A few drawbacks / limitations:

• the CE pin is by default wired on the I2C bus. You will either need to move it, or to move the I2C bus pins. It can be easily done by commenting / uncommenting a few lines on top of the sketch.
• BME280 is extremely sensitive. It's good right? Well not if you keep it too close of the ESP8266. Temperature will be up to 3°C higher than it really is! I still have to figure out how to resolve this issue. For now I'm back with having long wires between the BME module and the ESP :/
• I moved the I2C bus to GPIO 1 and 3. These are the TX and RX pins, close to the USB port. I2C and Serial communication are sort of interfering with each other if occurring in the same time. MY_DEBUG is off to prevent this. You may want to move SDA and SCL around, especially for debug purpose, but here it's close to a GND and 3.3V supply which is convenient. Maybe there is a way to do a nice PCB but I never tried before.
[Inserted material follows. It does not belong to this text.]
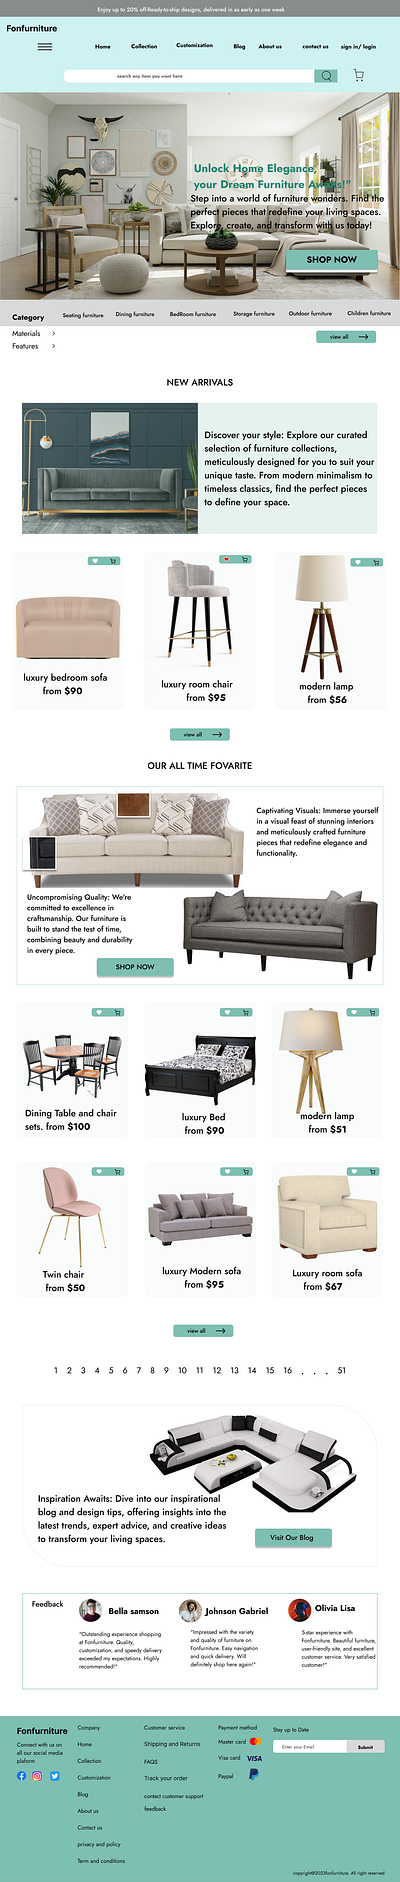 Landing page for a furniture website uiux web design

Code updates, if any, will be available on https://github.com/emc2cube/MyWeatherGatewayESP8266

/**
 * Important: I2C setup and NRF24L01 wiring
 * By default the NRF24 CE pin is wired on GPIO4. On ESP8266 default SDA and SCL pin are respectively GPIO4 and GPIO5.
 * Both CE pin and SDA (or even SCL) can be moved so depending of your setup you will have to move at least one of these.
 * Look for "#define MY_RF24_CE_PIN", "#define SDA" and "#define SCL" lines to adapt to your wiring.
 *
 * By default Adafruit BME280 library is looking for a BME280 sensor on the I2C bus at (0x77).
 * If your sensor is set with the low adress (0x76) you can uncomment the lines "#undef BME280_ADDRESS" and "#define BME280_ADDRESS (0x76)"
 * Or you can set it on high by changing the jumper/bridge setting on the PCB.
 *
 * Make sure to fill in your ssid and WiFi password below for ssid & pass.
 */

// ----------------------------------------------------------------------------
// MySensor ESP8266 Gateway configuration
// ----------------------------------------------------------------------------
#include <EEPROM.h>
#include <SPI.h>

// Enable debug prints to serial monitor
//#define MY_DEBUG    // I2C devices may have a funky behaviour when serial communication is occuring and GPIO 1 and 3 are used for I2C bus (RX and TX ports).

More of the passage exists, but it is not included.